Occidental Petroleum stock lifted by CEO's break-up talk
June 3 (Reuters) - Occidental Petroleum Corp. is discussing how a potential break-up of the oil company might look, according to analysts, as it puts flesh on an idea floated by the chief executive in April that has helped boost the stock by 13 percent.
Shares of Occidental were up 2.2 percent on Monday at $94.12, nearly $11 higher than before CEO Steve Chazen mentioned on the quarterly conference call that he was looking at potential deals to "move the needle" for the stock. Shares of other big U.S. oil companies are up less than half as much in that time.
"Oxy's had a nice run here lately, and at least part of that's due to increasing expectations they're going to do something (via restructuring)," said Brian Youngberg, an analyst at Edward Jones in St. Louis who has a 'buy' rating on the stock.
Oppenheimer & Co. said in a recent research note that last week certain analysts attended group meetings with Chazen in which he discussed different restructuring scenarios.

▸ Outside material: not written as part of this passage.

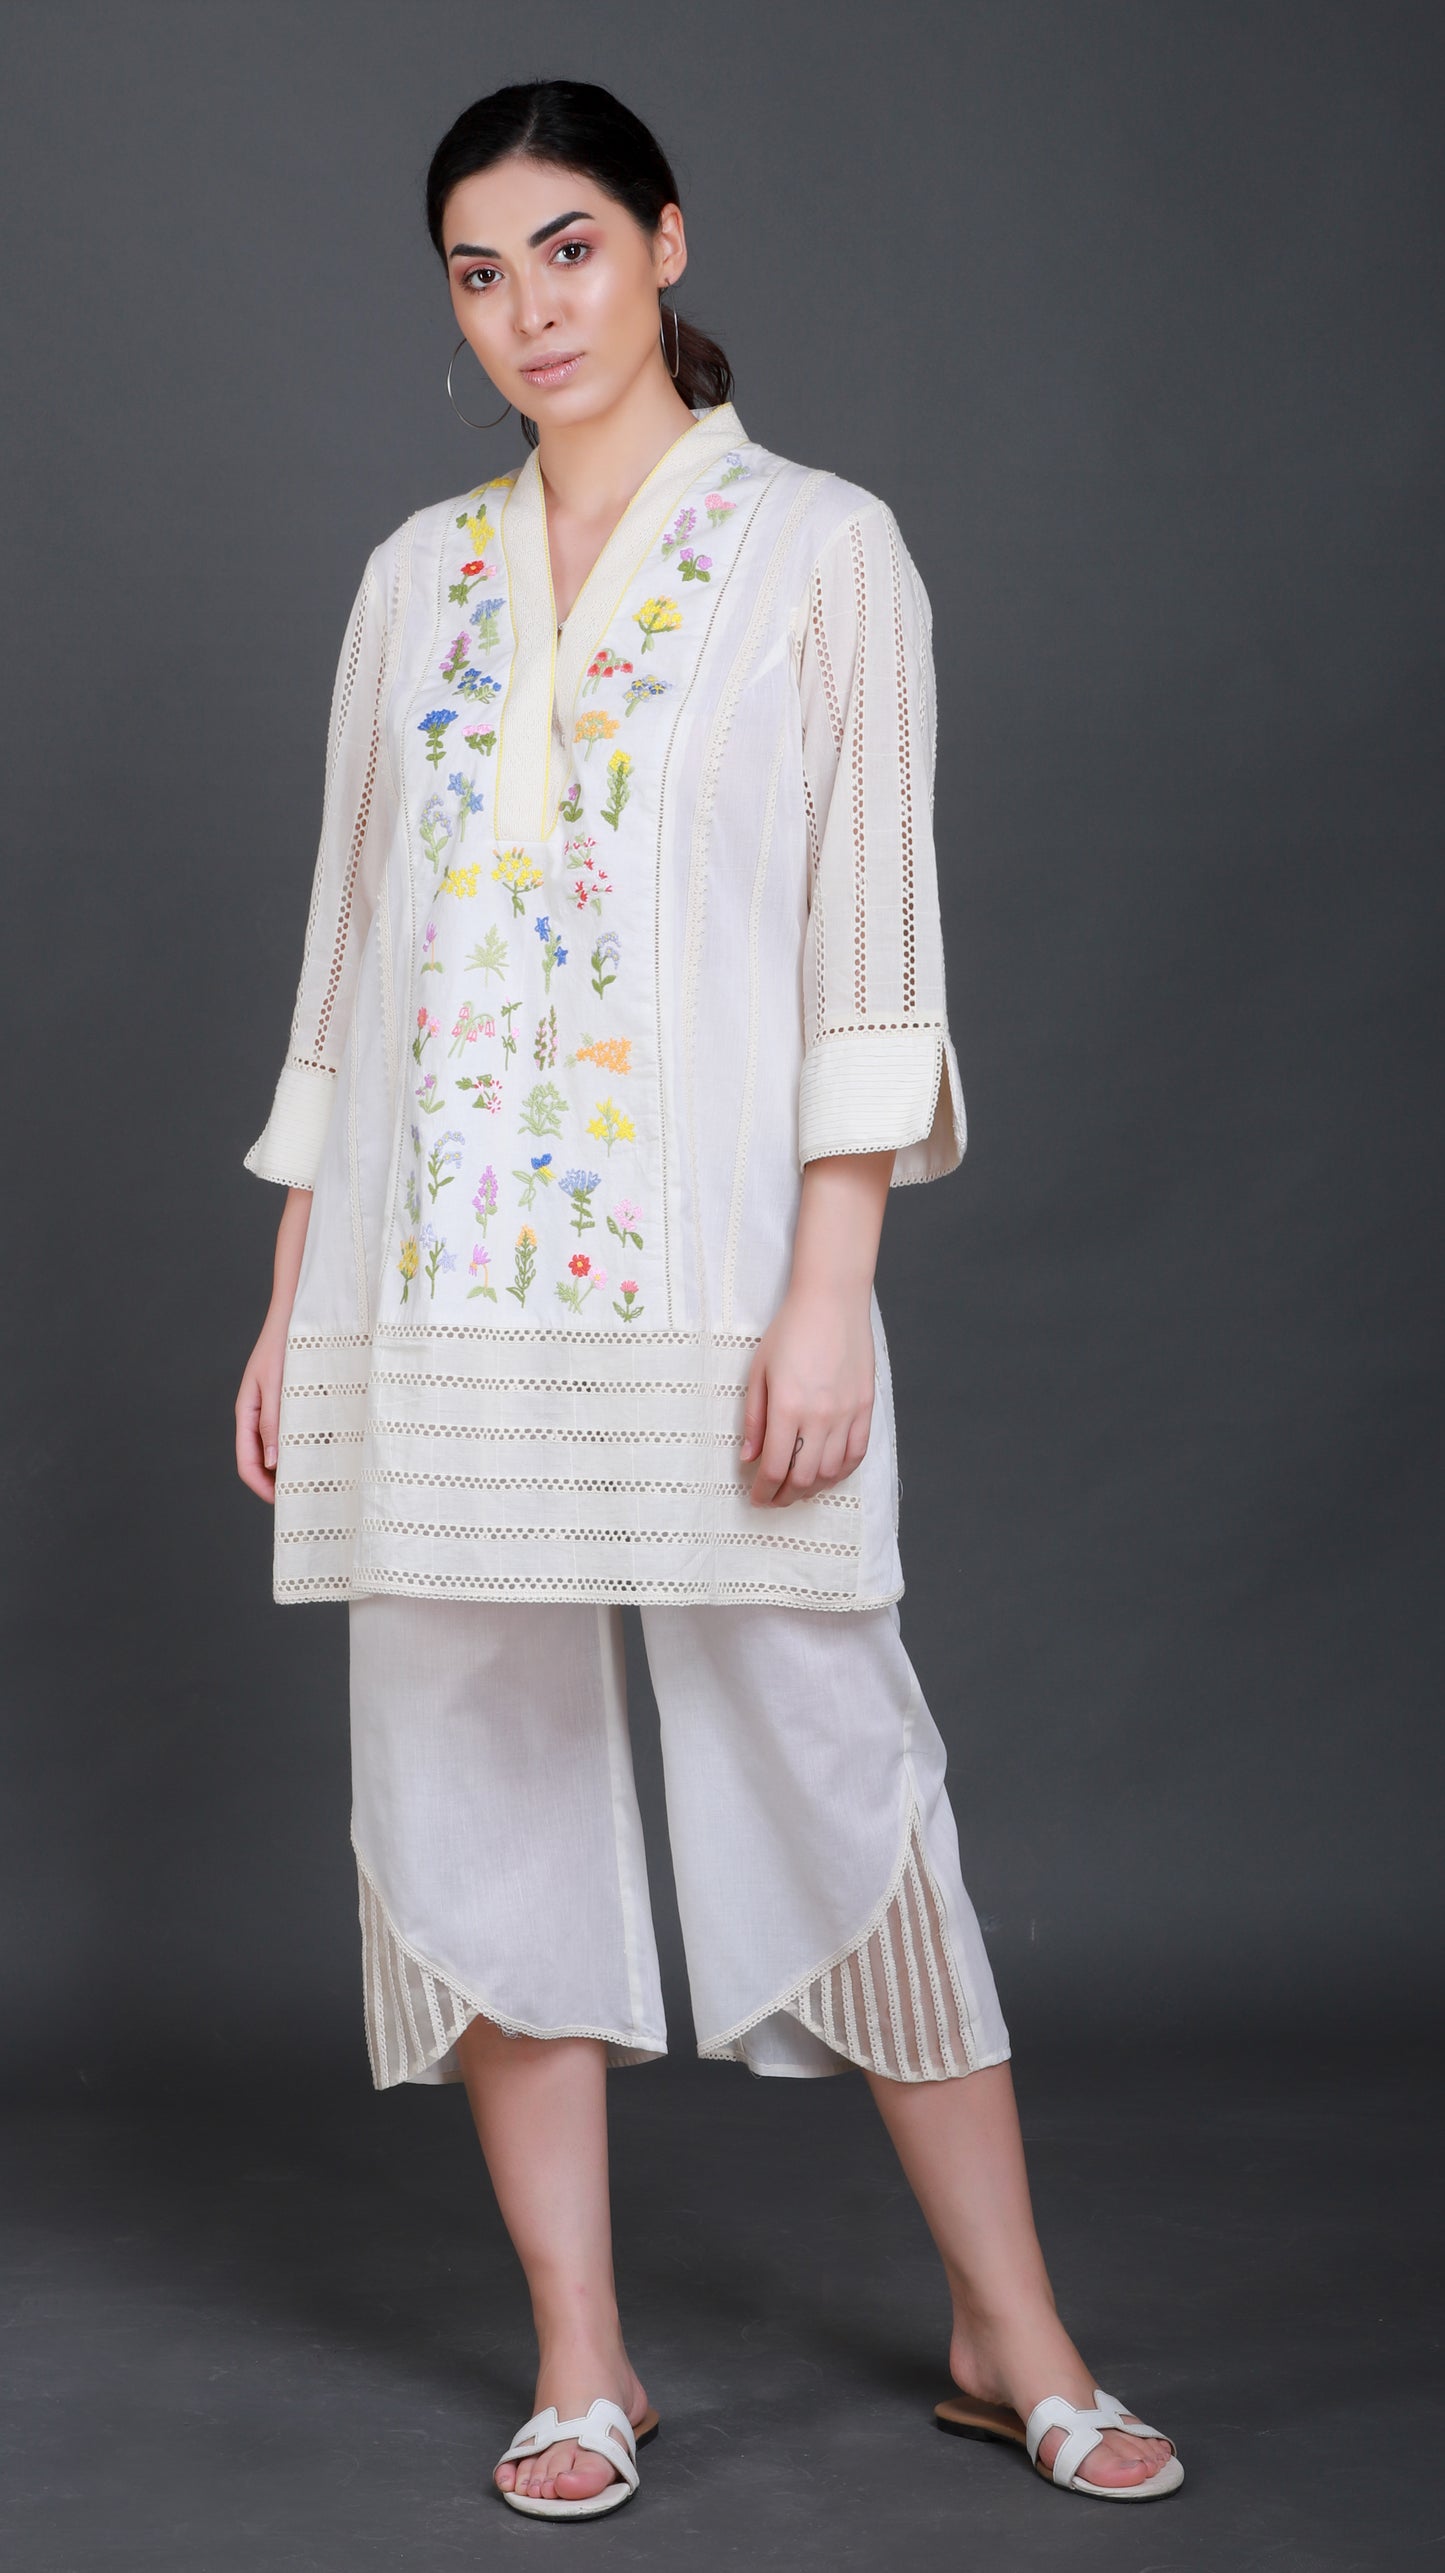 Botanical Embroidered Front Panel with Crochet inlet Sleeves

"OXY could announce within three months plans to spin off its international operations," Oppenheimer said, predicting an estimated $20 billion from that sale could be used to buy back 25 percent of its shares.
The company's California and Permian basin assets in New Mexico and Texas could be spun off into separate companies, the analysts added, as they raised their price target on Occidental's stock to $115 from $100 on the potential restructuring impact.

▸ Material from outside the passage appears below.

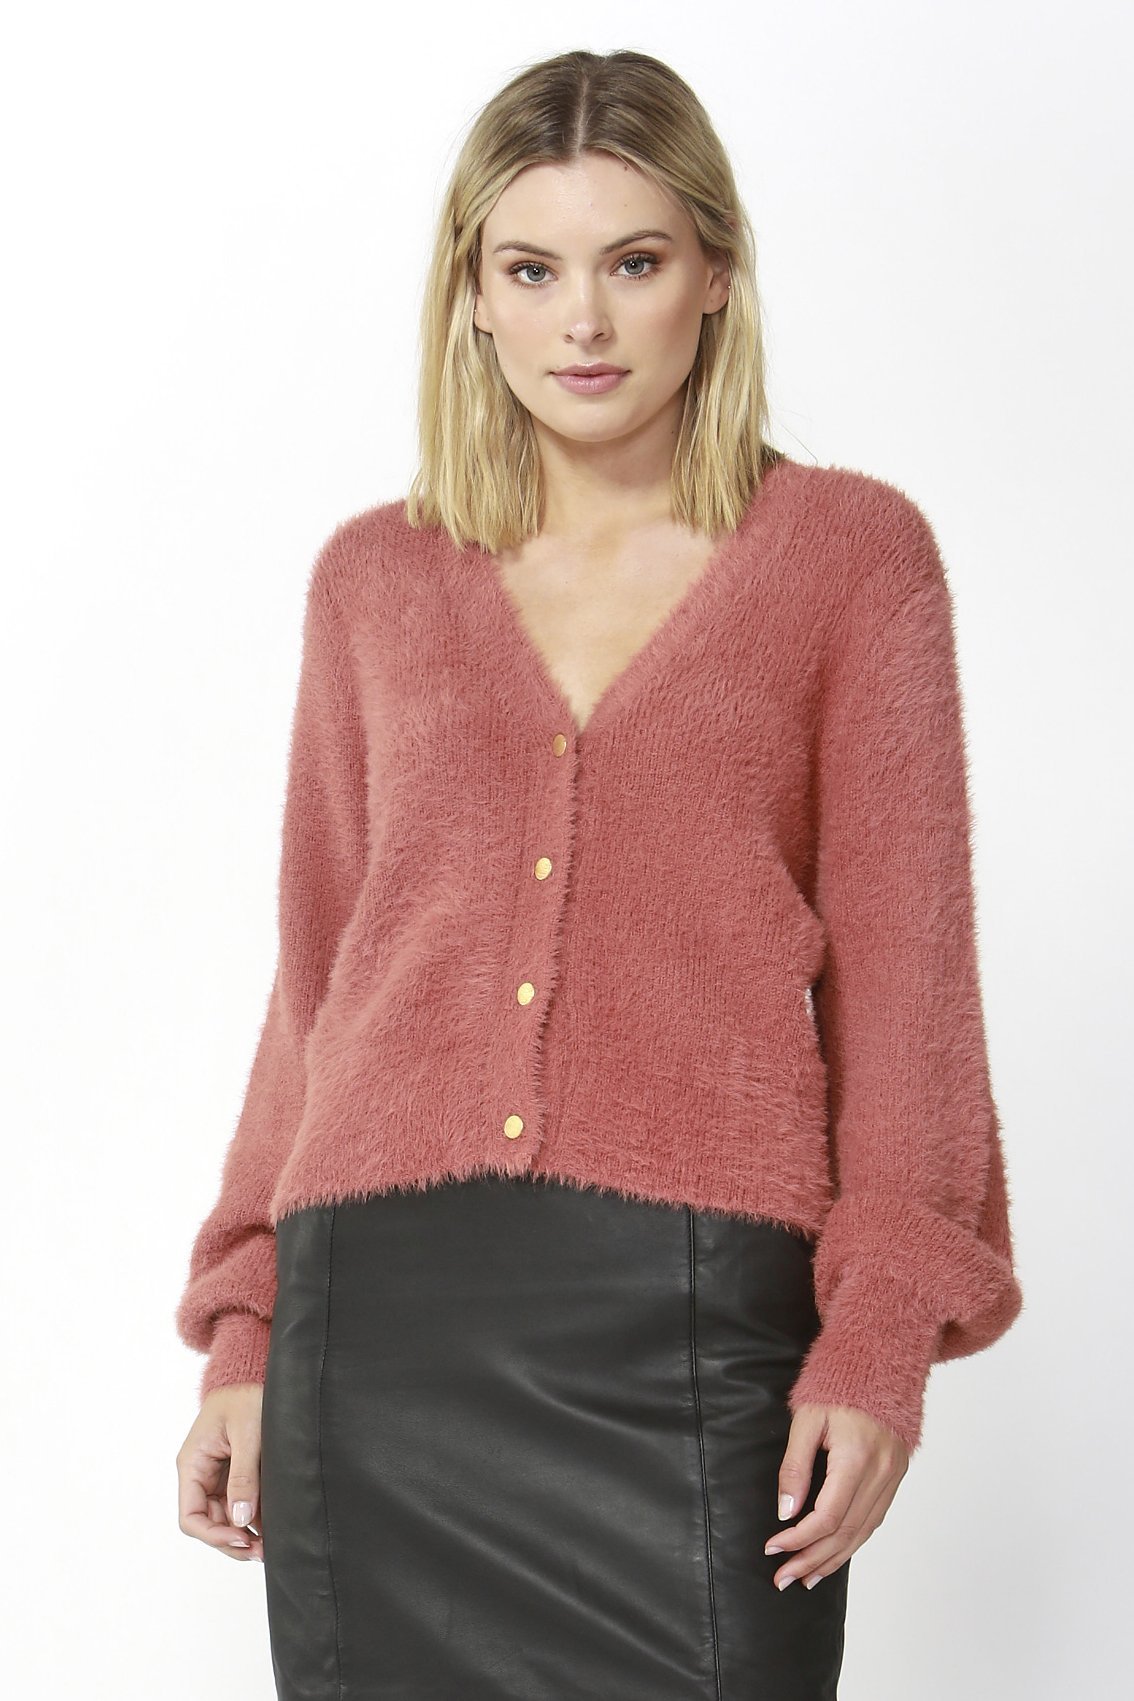 Fate + Becker Ashbury Cardigan in Rose Size 16 ONLY - Hey Sara

Occidental did not respond to a request for comment.
Apart from its South American interests in Bolivia and Colombia, Occidental has operations in seven countries in the Middle East and North Africa, from Libya to Iraq to Yemen.
One reason the assets may be on the block is the departure last month of the company's long-serving Lebanon-born chairman, Ray Irani, after shareholders voted him out.

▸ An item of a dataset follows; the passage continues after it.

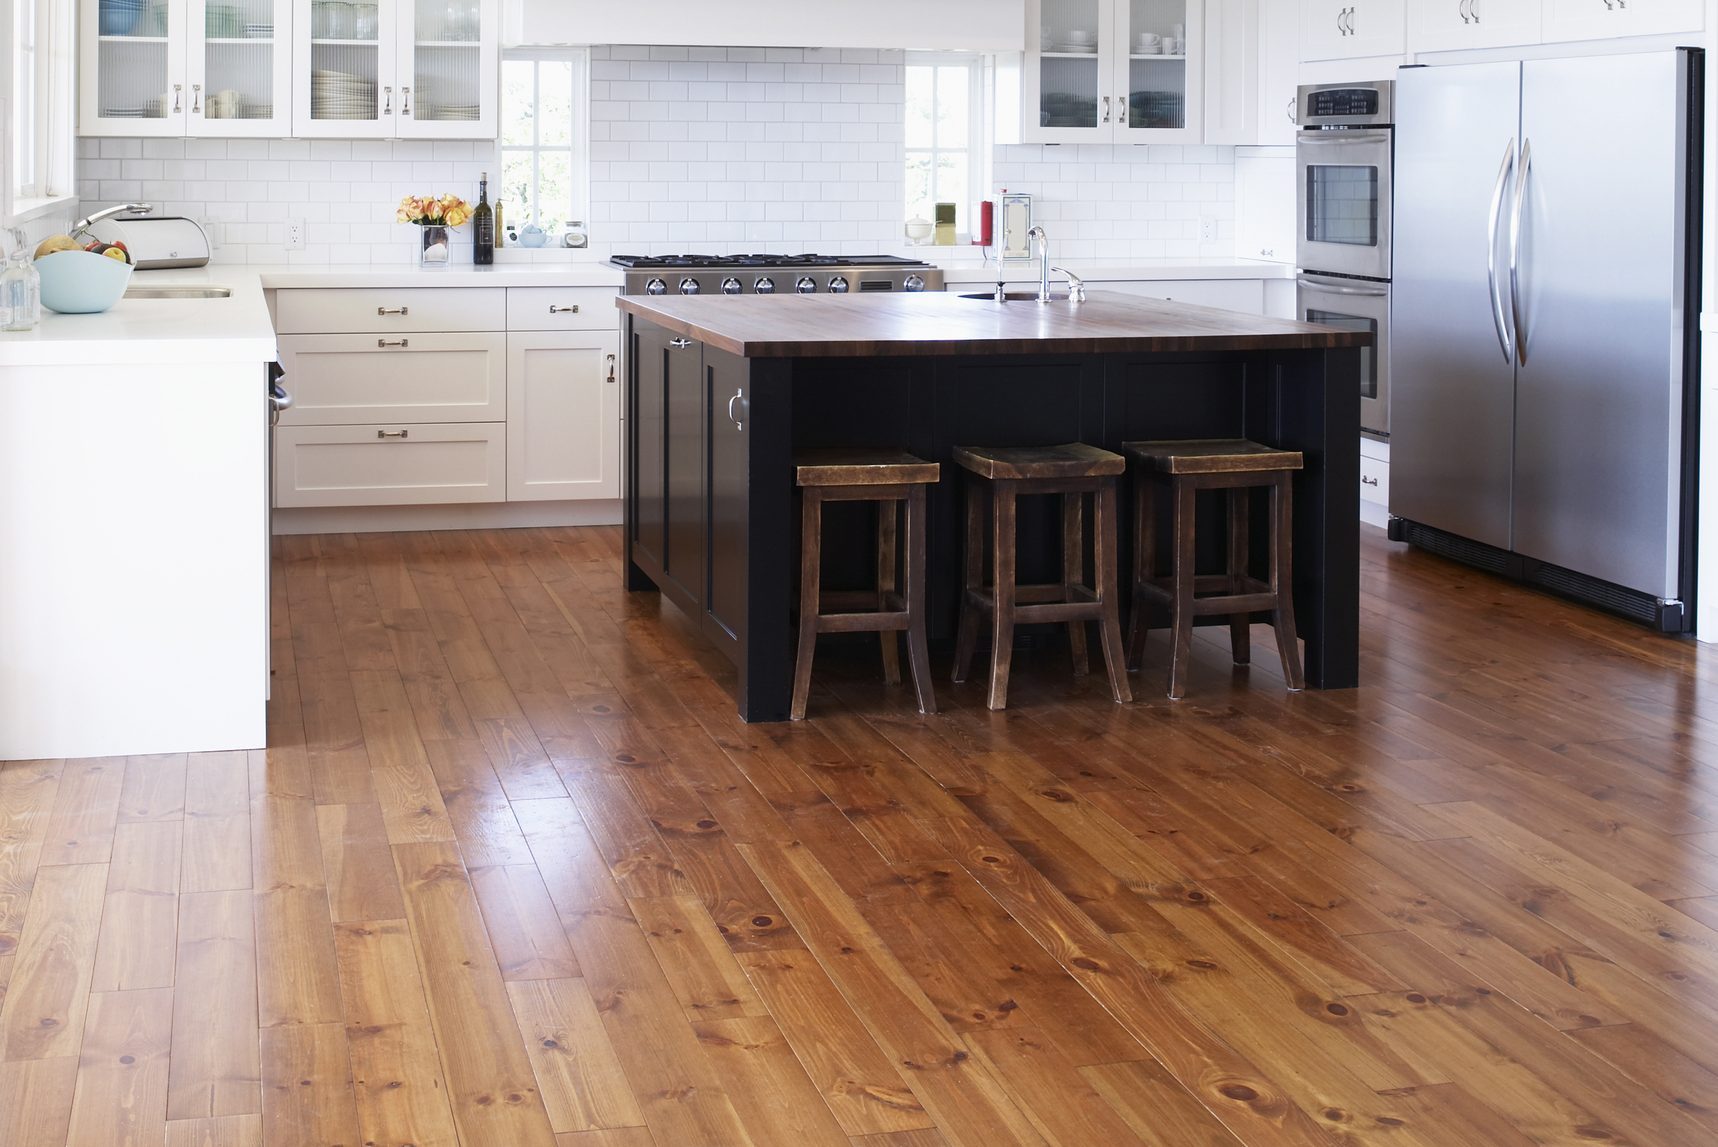 Modern Cork Flooring: New Flooring Saves Your Home and Planet

"He had strong contacts there, which in the past served the company very well," Youngberg said, noting that political turmoil in the Arab world over the past few years had made it less attractive for many U.S. investors.
Chazen said on April 25 that Occidental's stock underperformance meant he would take a hard look at sizable deals to realize value for the company.
"I do not want to go down the path of a sort of delicatessen approach to this where you slice a piece of baloney off and throw it to the wolves," he told analysts on a conference call.
Credit Suisse analysts saw what they called a "Potential Three Way Break Up" in which the California unit - valued at $22 billion - would also be spun out, leaving Oxy's Permian assets attached to its pipeline, oil trading, storage and chemicals businesses.